Week ending June 16, 1910. “Jess Tuthill found in lake. Body found near dock at Montcalm Lake late Saturday night, Inquest tomorrow. Jesse Tuthill, a familiar character in this section, is no more, having met a sudden death late Saturday evening at Montcalm Lake near which he lived. It is the opinion of those who were on the scene that Mr. Tuthill came to his death through an attack of heart trouble, and fell into the shallow water, as it is improbable that he would have drowned in a foot of water. No water was discovered in his lungs, which fact tends to confirm the theory of heart trouble. The victim had been drinking some during the afternoon and evening.”
“Pardon Signed for Charles R. Mains. Mr. H. F. Gilbert informs us that according to Charles R. Mains’ brother of Jackson, President Taft has signed a pardon releasing Charles R. Mains from the custody of the federal authorities in Washington DC and he would return to Calhoun Co. within a week or ten days. While he was conceded to be one of the most brilliant members of the Calhoun Co. bar, Charles Mains was the subject of such serious charges that he finally left Battle Creek, going to California and later to Alaska. In a quarrel over a mining claim, he shot a man, but it is stated in signing the pardon, President Taft took the ground that Mains had done so in self defense. Mr. Mains is now more than 50 years old and his confinement in the federal prisons has shattered him, mentally and physically.”

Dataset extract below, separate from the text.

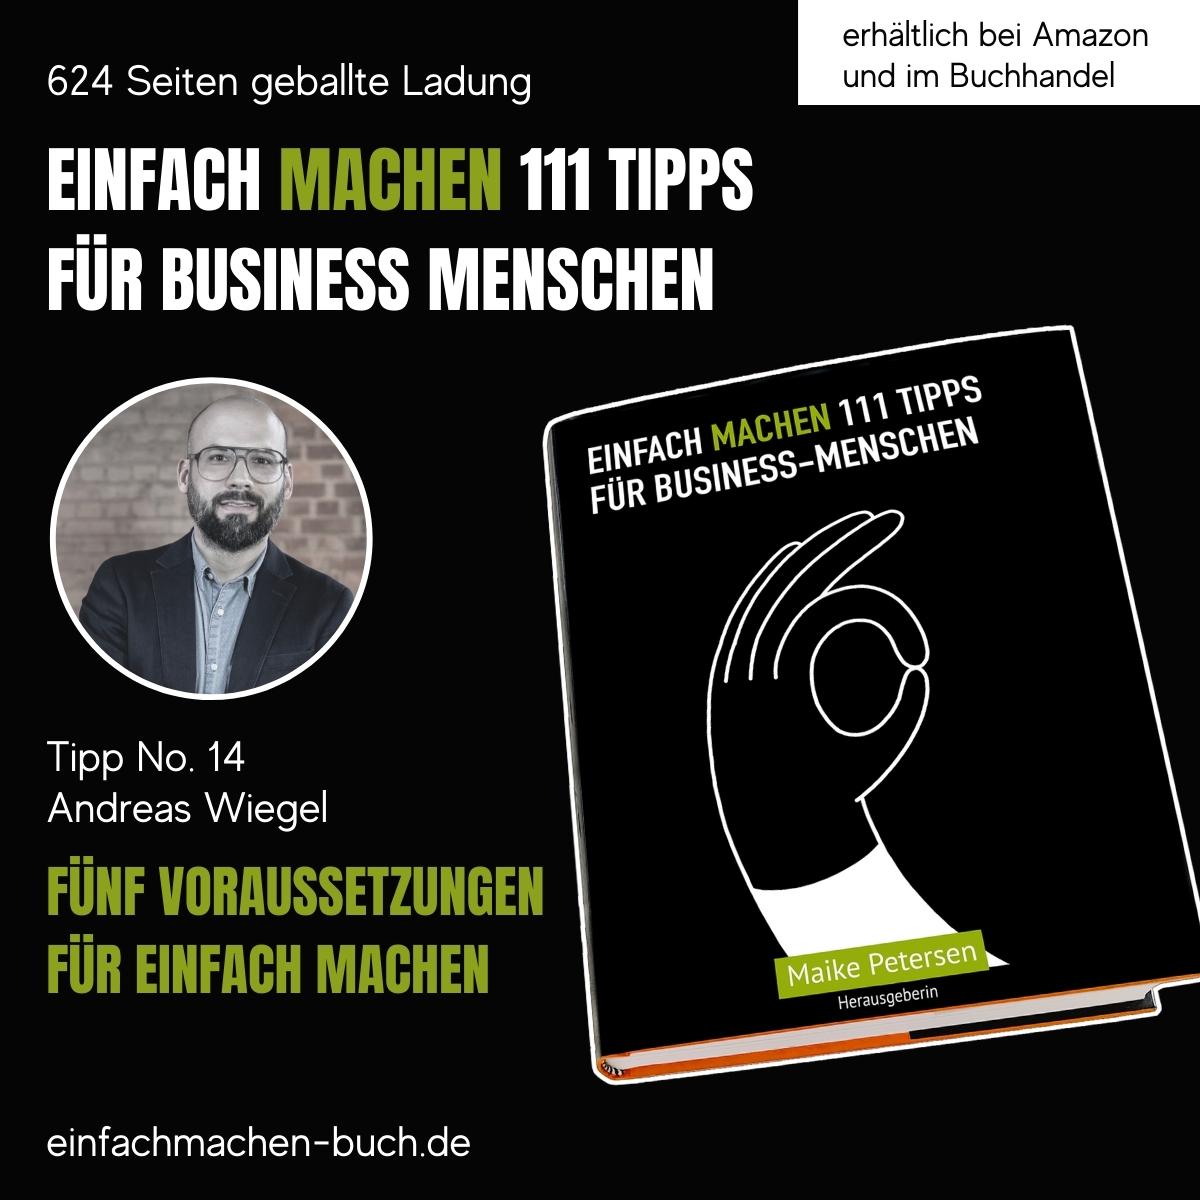 EINFACH MACHEN 111 TIPPS FÜR BUSINESS-MENSCHEN | Tipp No. 14 Andreas Wiegel

Week ending June 23, 1910. “Albion to get new post office. According to the Washington dispatched, Albion is in the bill for an appropriation of $70,000. This is gratifying news to Albion and particularly gratifying to the friends of Congressman Gardner, who feel that politically, this is a very wise move.”
“Those interested in the North Marengo cemetery, are requested to meet there Friday at 1 o’clock, and assist in burning the grass, as it is impossible to mow it. Albert Arman, president.”

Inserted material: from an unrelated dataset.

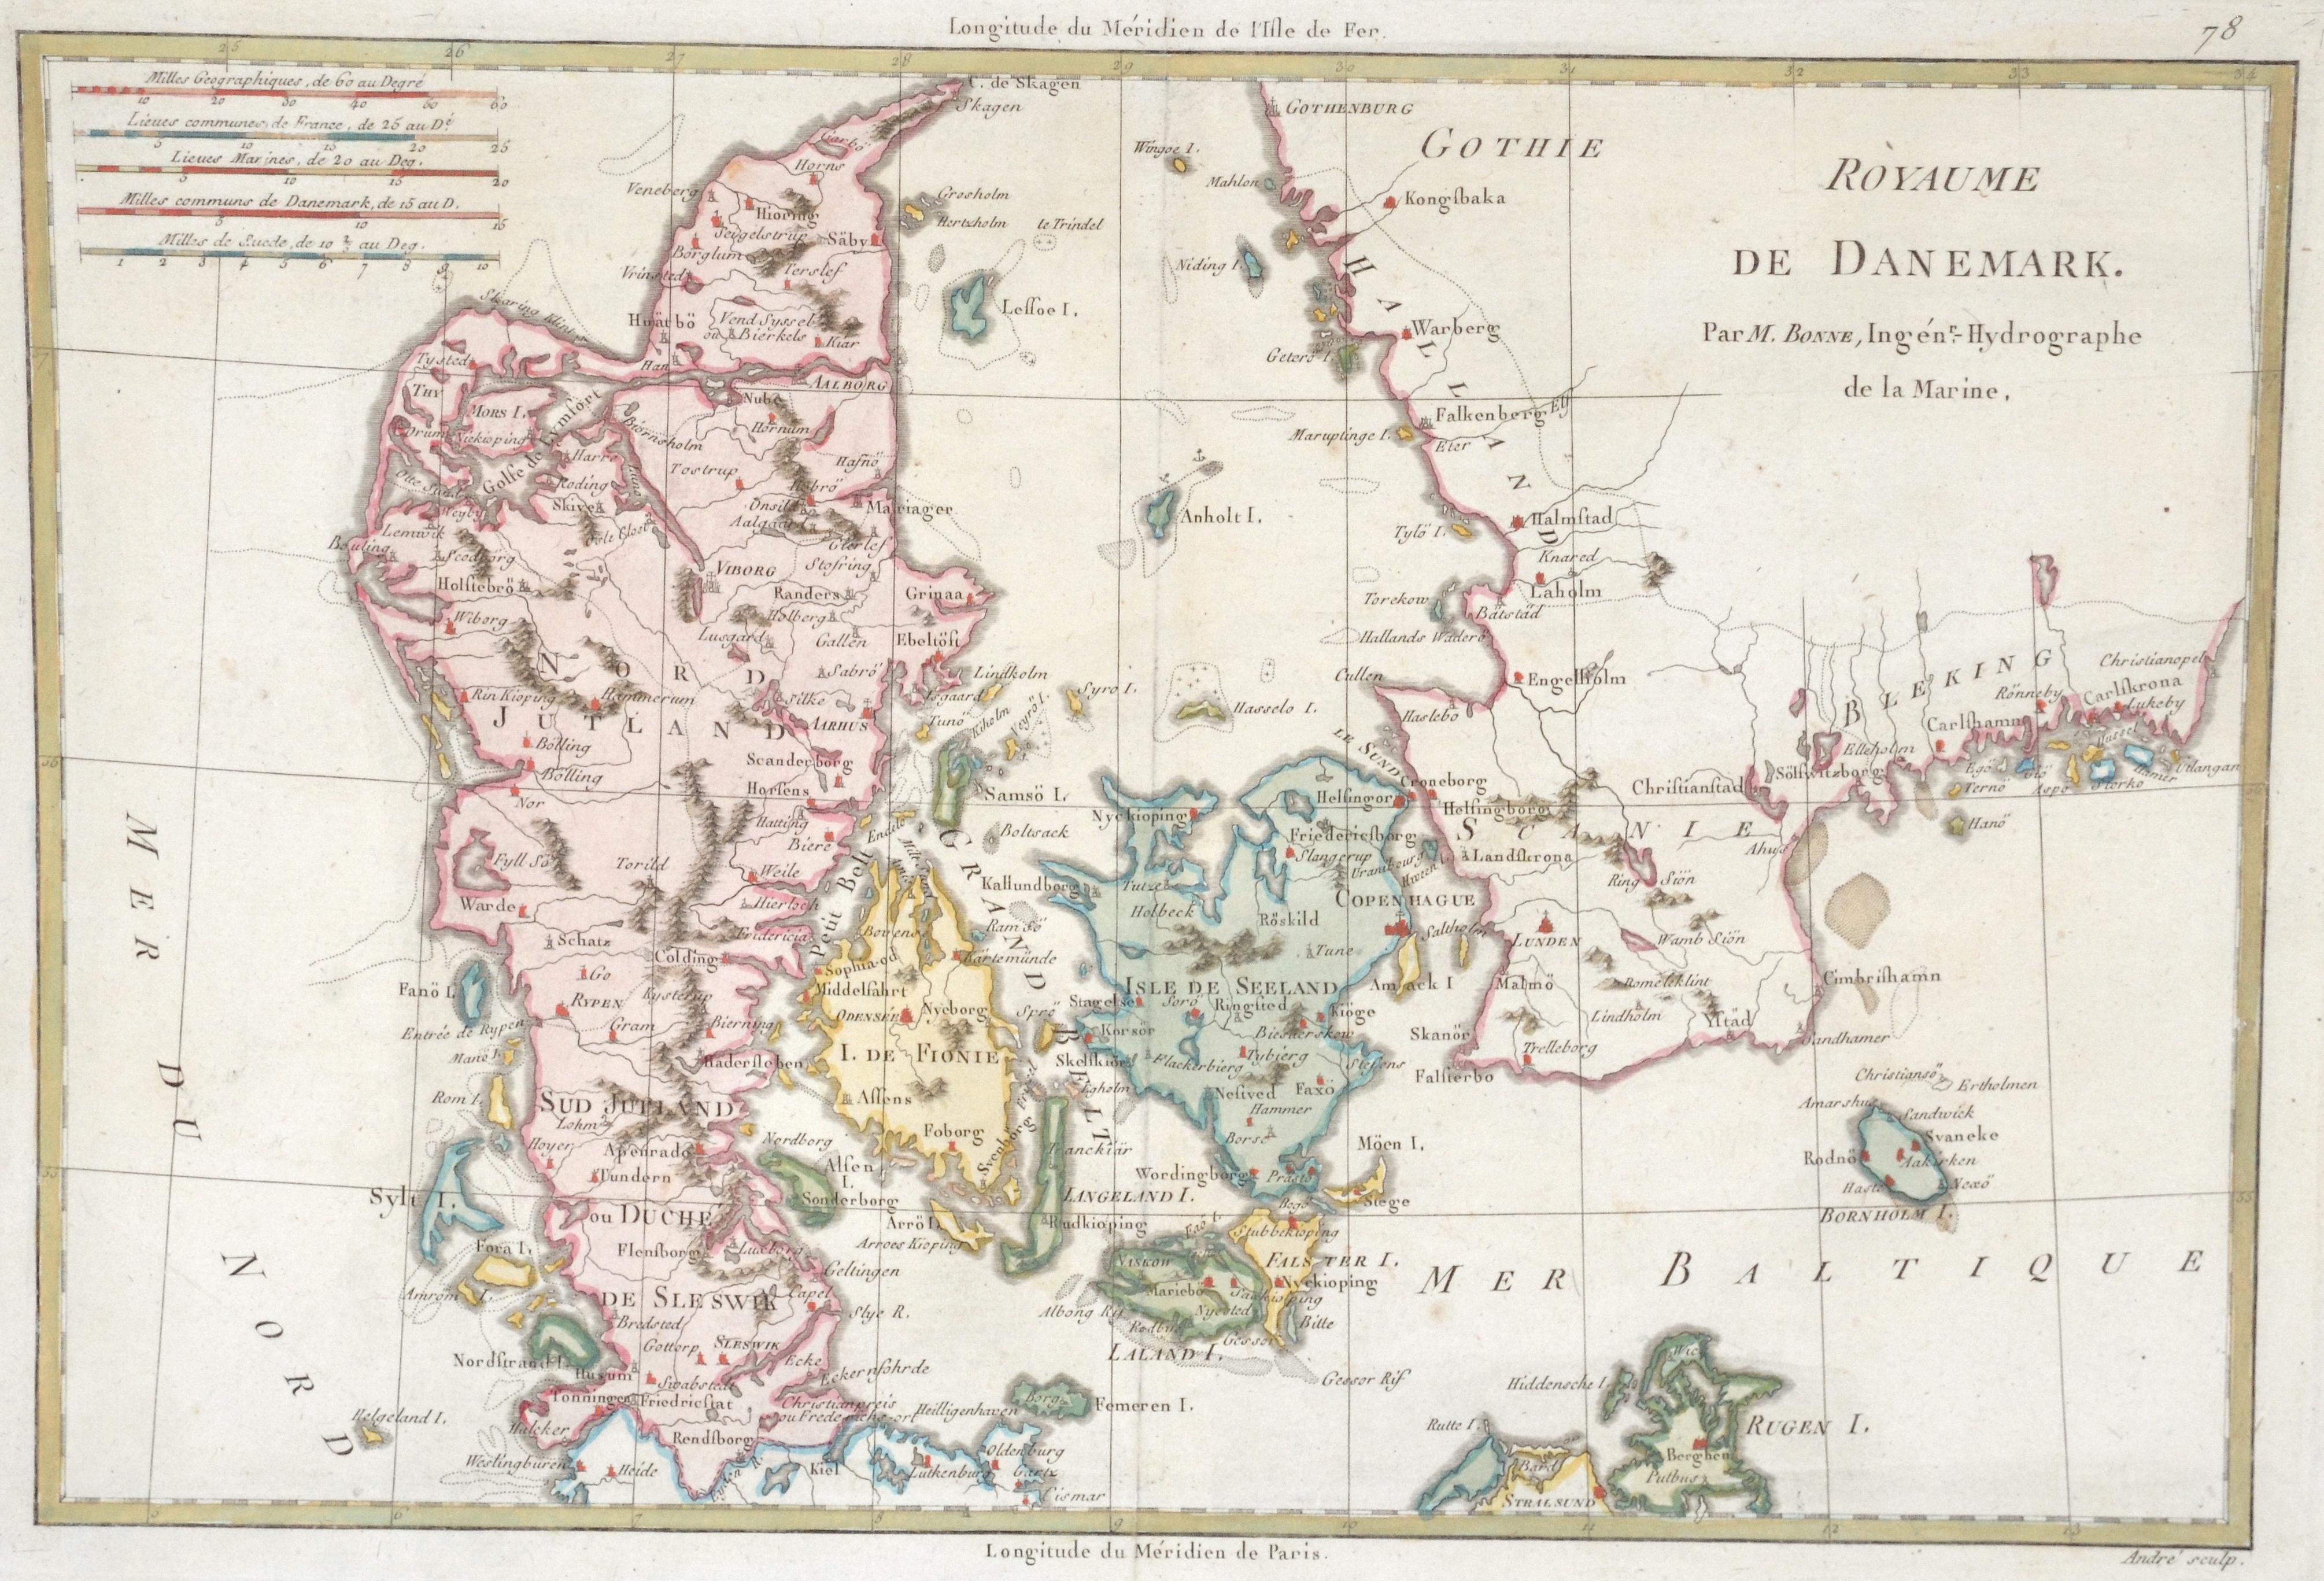 Bonne  Ròyaume de Danemark.

“Marshal Cooper has two gangs of men at work on the streets of the city, one on Maple St., where they are preparing for a thorough grading of the roadbed, and the other on Dalrymple Boulevard putting in the grade for a new sidewalk between Erie and Mechanic St's. In addition to this, Lige Hoyt is busy cutting the noxious weeds about the streets and market place.”
Week ending June 30, 1910. “Battle Creek. Free Methodist or Baseball Fan? Free Methodists…who are in session here, claim to have just effected 40 cures of everything from dyspepsia to nervous prostration, during the past 24 hours. They followed the anointing idea of Bible times. The sick people gathered around an altar and were treated with olive oil, after which they received a blessing. They then walked away declaring that they had been cured of their ills. That church people have as much right to yell when they are moved by religious enthusiasm as baseball fans have when the home team makes a hit, was argued by Bishop A. Sellow of Jamestown, NY in an address before the Tri-State encampment of Free Methodists here last night. Bishop Sellow severely criticized the local police for their efforts to check the noisy enthusiasm of the encampment.